（ One ） Mission （ Homework ） Dispatch
Task scheduling related 3 A concept ：job、stage、task.
- Job： According to what is used spark Logical tasks . With action Method as the boundary , Meet a action Method , Then trigger a job.
- Stage：stage yes job Subset . With wide dependence （shuffle） As a boundary . Met a shuffle, Make a division .
- Task：task yes stage Subset . In parallel degree （ Partition number ） To distinguish . How many partitions , Just how many task.
Spark Task scheduling . On the whole, it is divided into two ways .Stage Level scheduling and task Level of scheduling . The description is as follows .
Driver initialization sparkContext In the process of , Will the initialization DAG Scheduler、Task Scheduler、Scheduler BackEnd,HeatBeatReceiver.
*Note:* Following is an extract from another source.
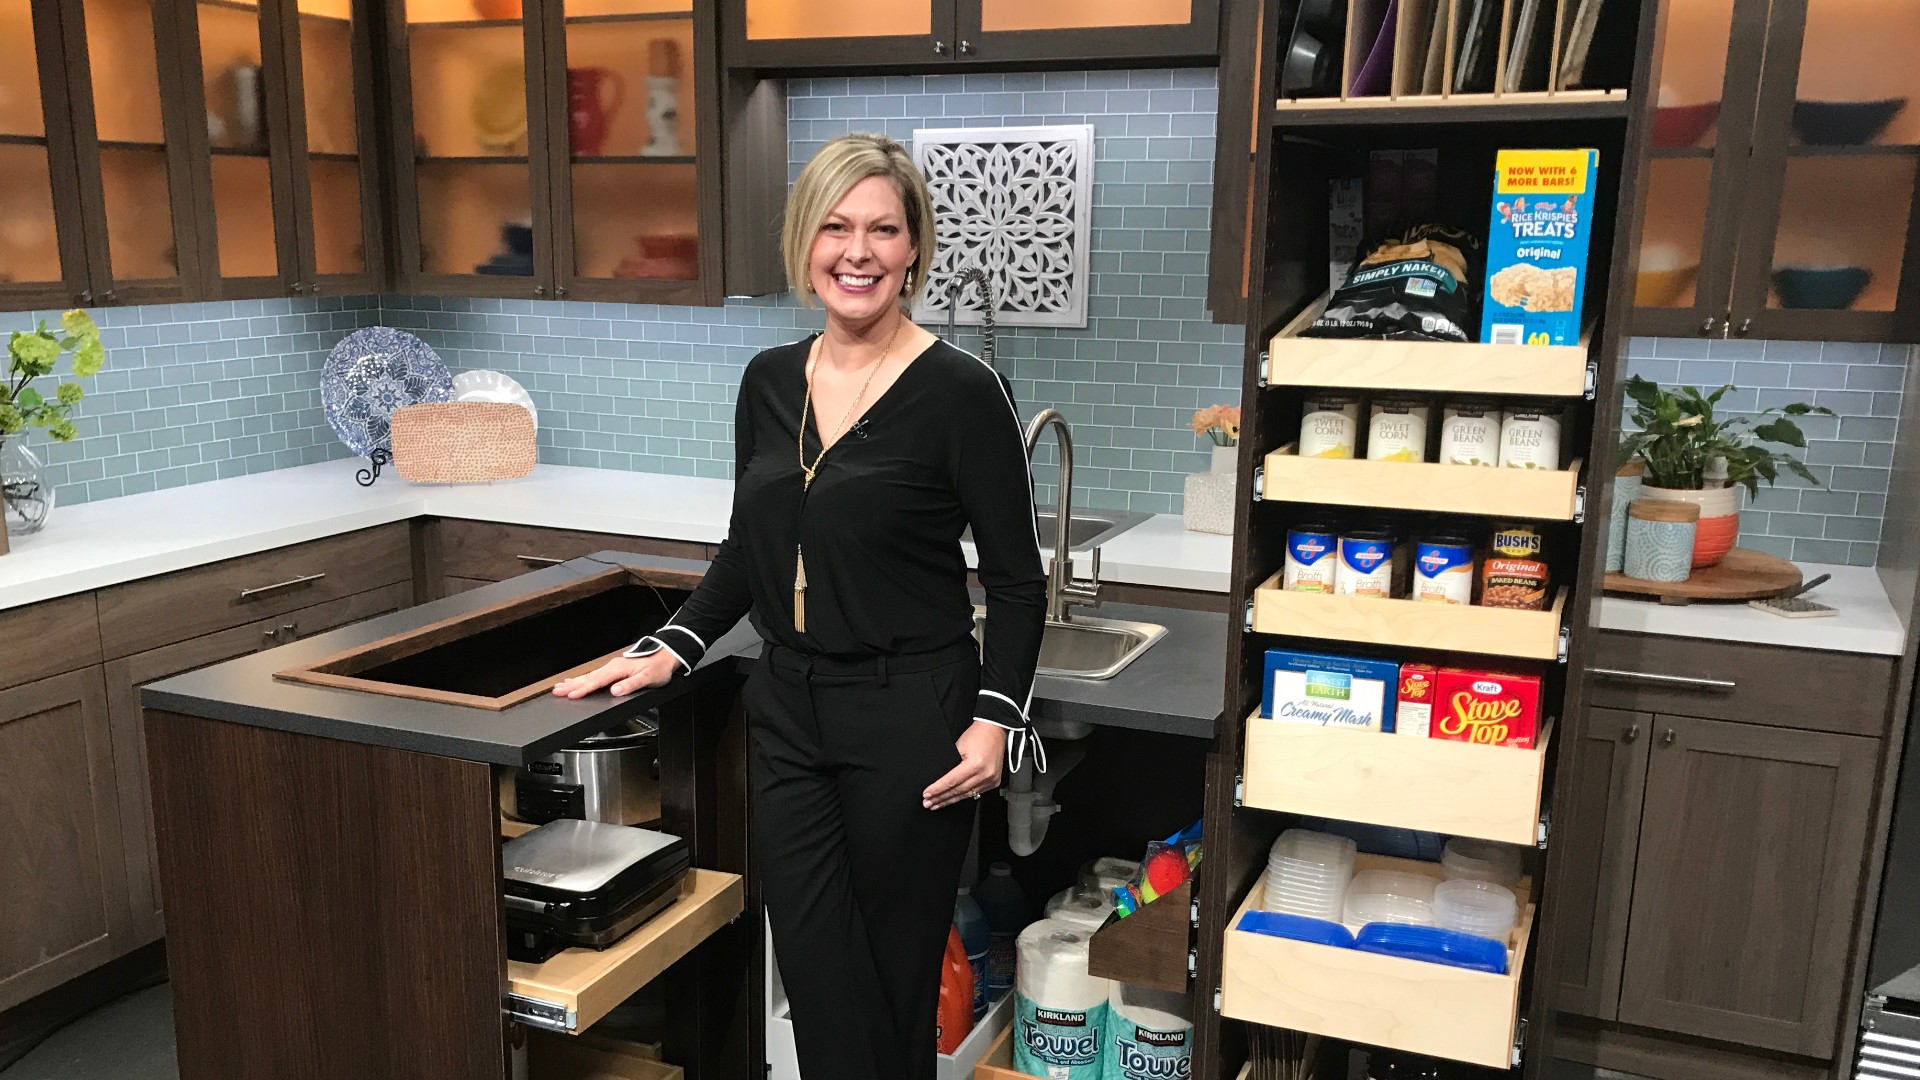 Leslie Kennison shares how to re-invent your kitchen with custom built Glide-Out shelving. Sponsored by ShelfGenie of Seattle.
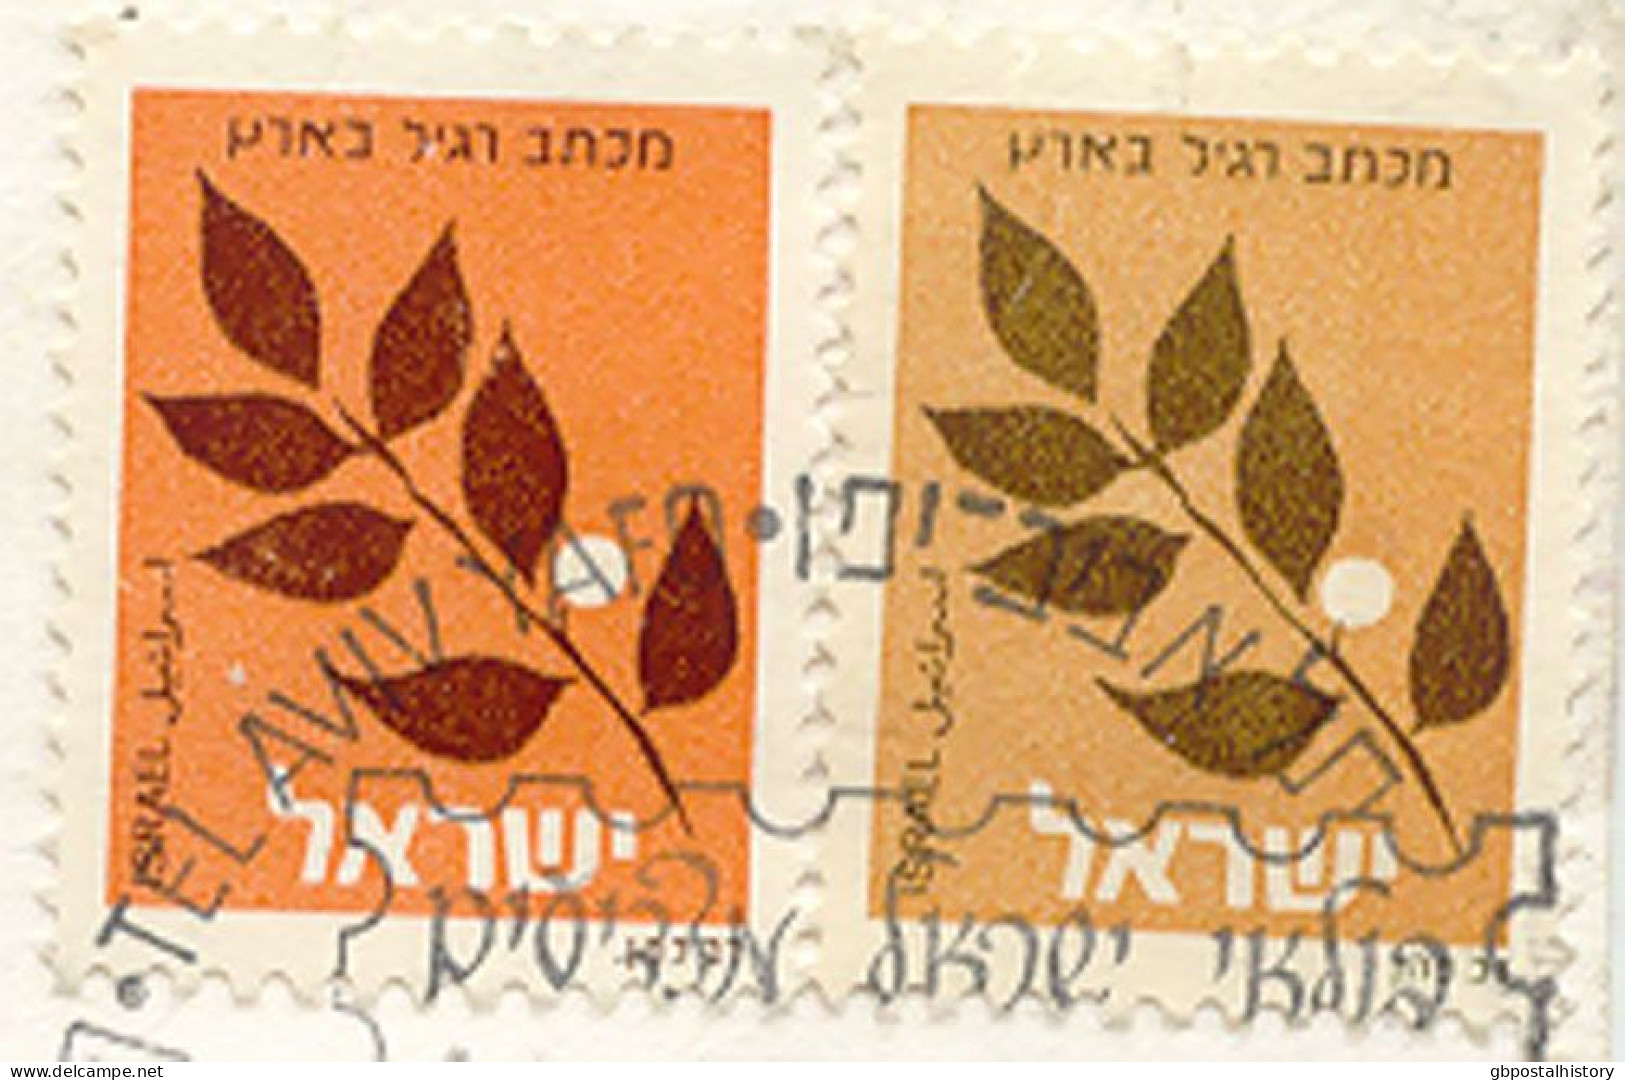 ISRAEL 1986 Branch Without Valuation 2 Times On Very Fine Cover With SST "AMERIPEX '86 22.5.1986", MAJOR ERROR & VARIETY - Lettres & Documents

And start the SchedulerBackEnd and heatBeatReceiver.
SchedulerBackEnd Responsible for passing AM towards RM Application resources , And constantly from Task Scheduler take Task. Distribute to executor perform .
heatBeatReceiver Responsible for receiving Executor The heart of . monitor executor And inform Task Scheduler.
(1) Spark adopt transformation Methods form RDD The blood relationship of . That is to build DAG（stage Directed acyclic graph of ）.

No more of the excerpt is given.